The best win is to build out in a data center with a 10G pipe into Amazon's network so that you can spin up AWS only on peaks or while you are waiting to bring your own stuff up. That gives you the best of both worlds.
AWS has a product called Direct Connect  to reduce bandwidth costs between AWS and your infrastructure.
There is a latency spike between local and Amazon infrastructure so it would be critical to build your system so that putting this spike in the mix didn't impact your own flow path.
I had thought a bit about how we might do that at Blekko and I would probably shift crawling into the cloud (user's don't see that compute resource) and move crawler hosts over to the frontend/index side. But I'm sure there would have been a bunch of ways to slice it.

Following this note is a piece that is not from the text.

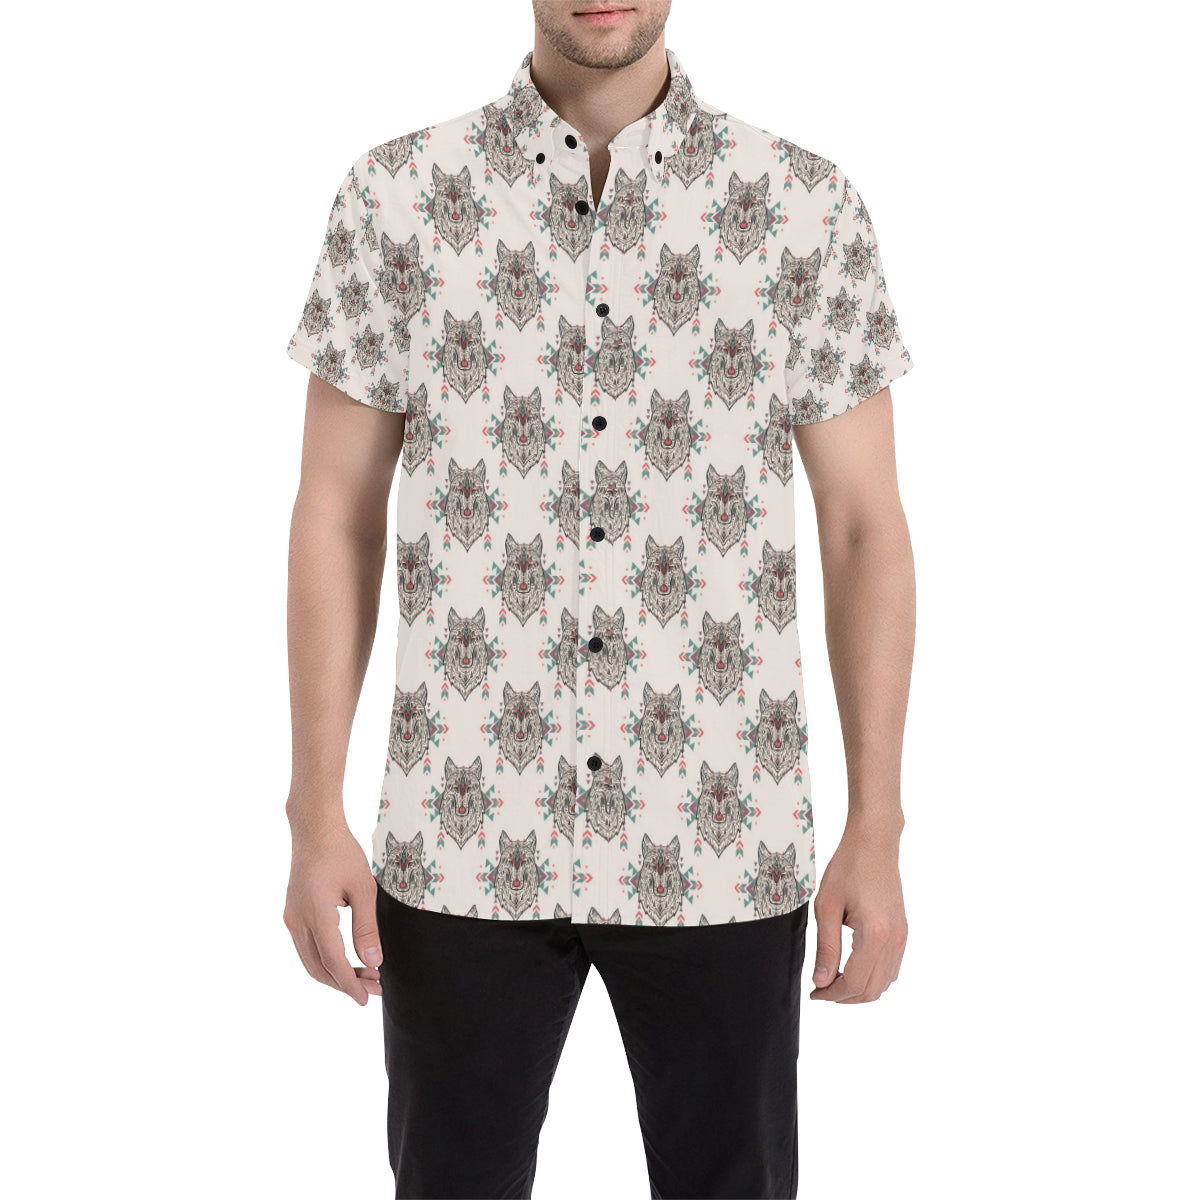 Aztec Wolf Pattern Print Design 01 Men's Short Sleeve Button Up Shirt

They certainly can and likely will respond by tweaking their cost models - bandwidth costs at AWS are completely out of whack - e.g. list prices at AWS per TB are tens of times higher than Hetzner for example; I presume that's based on looking at what customers are most sensitive to. E.g. if you retrieve only a small percentage of your objects every month, it won't matter much. Similarly, if most of your retrievals is from EC2 rather than from the public internet, the bandwidth prices won't be a big deal, and you may not pay attention to how much you actually pay per TB.
The high bandwidth prices hit some niches much more than others, and it may be more expedient for AWS to keep it straight forward for those affected to put caches in front than it is to rattle the cage of other customers. E.g. if you consume huge amounts of bandwidths you'll sooner or later speak to specialized CDN's or start looking at peering anyway.